We’ve been integrating bi-directionally between our FM:Interact Integrated Workplace Management System (IWMS) and Revit models since 2010 and have been on the forefront of Lifecycle BIM since then. For the most part, building owners who are going to utilize Revit models for day-to-day facilities operations primarily relied upon 2D plan views generated from the model for all aspects of managing their facilities including space and occupancy planning, assets and maintenance management, etc.

Traditionally, plan views have provided a tremendous amount of information to facilities teams, especially intelligent plans, where users can query a drawing and get direct feedback on space and assets on the plan. Over the past two years, we’ve been integrating 3D viewing technology from Autodesk to help our customers take better advantage of the entire model.

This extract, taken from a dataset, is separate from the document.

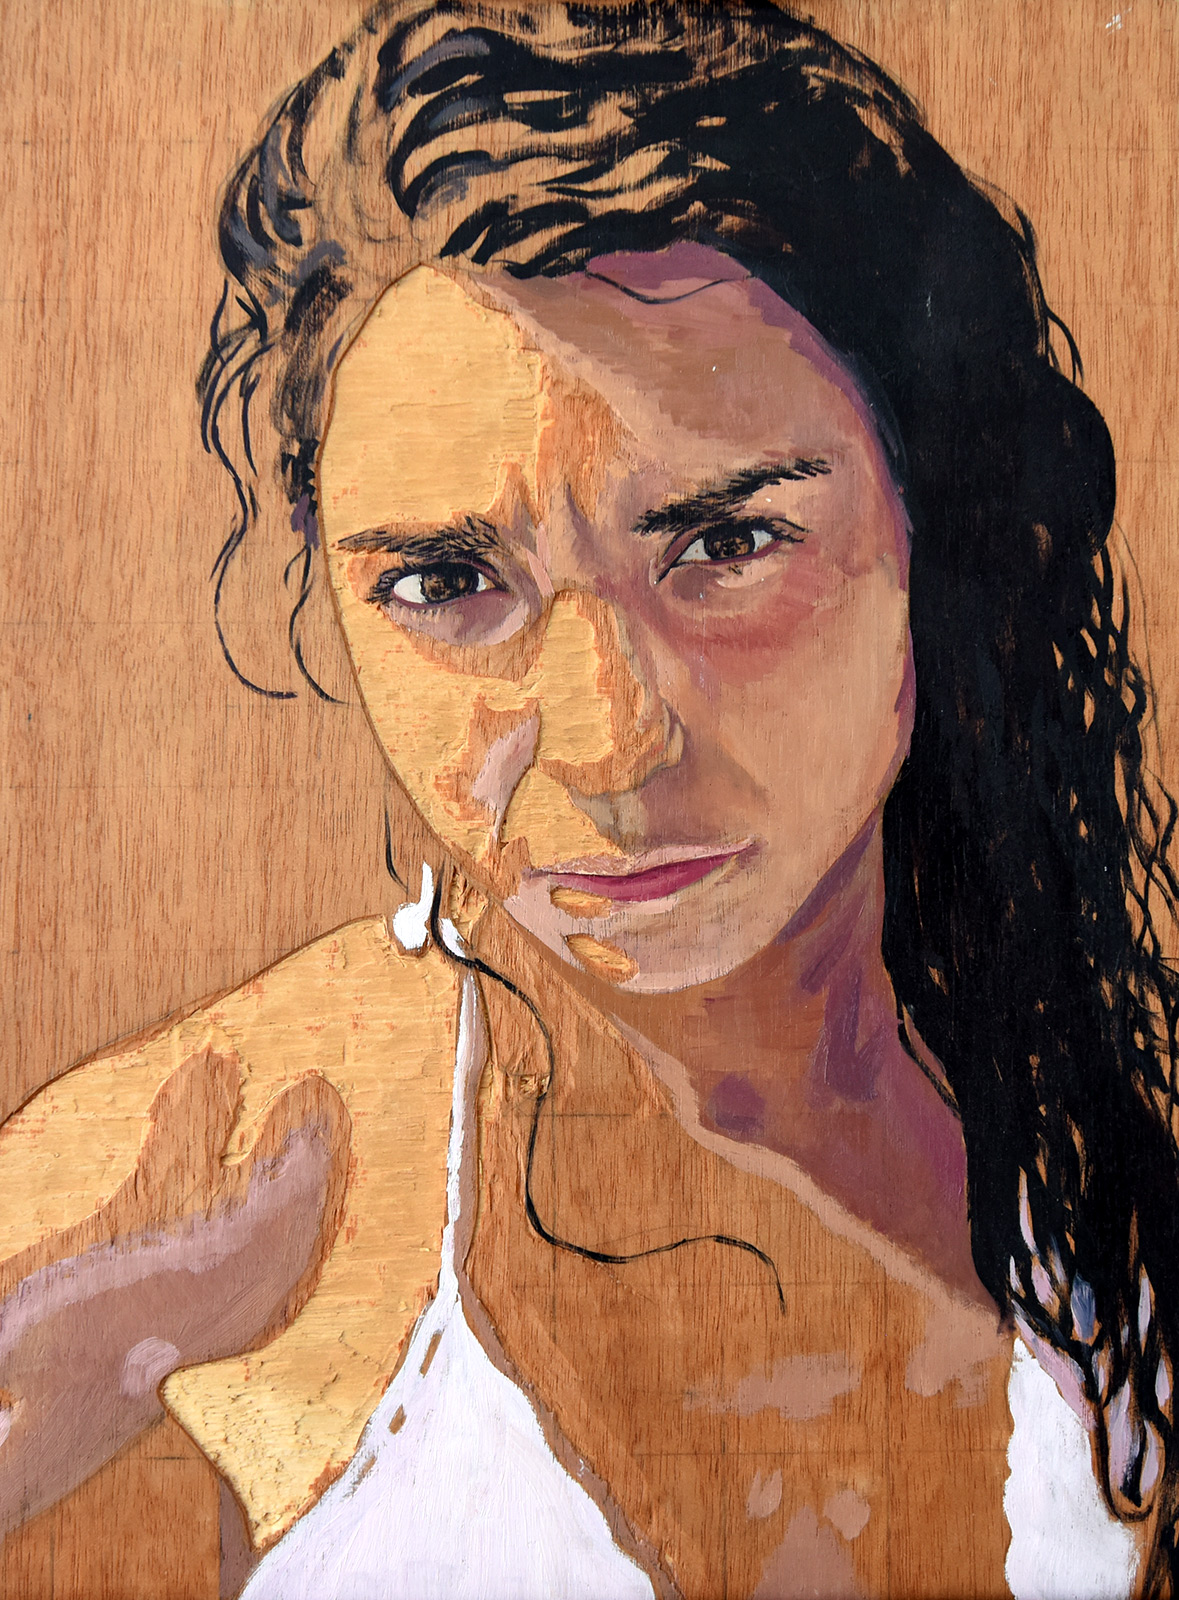 Carmen - Madera de contrachapado tallada y pintada al óleo - 30x40 cm - 2007 - Matute Art

We’ve recently updated FM:Interact to the latest Forge Viewer from Autodesk and the results are truly fantastic. The Autodesk Forge Viewer gives us the next generation graphics engine that enables our customers to take greater advantage of their Revit models for operations. Here are some of the top reasons why the time is right now and why we are now making this fantastic viewer available to FM:Interact customers who are using Revit models in their implementations of our software.

  • Speed: Revit models can be large…
  • Data: 3D model viewers have been around for years…
  • Ease of use: The majority of the end users on facility teams…
  • Accessibility: Facility team members are more mobile than ever…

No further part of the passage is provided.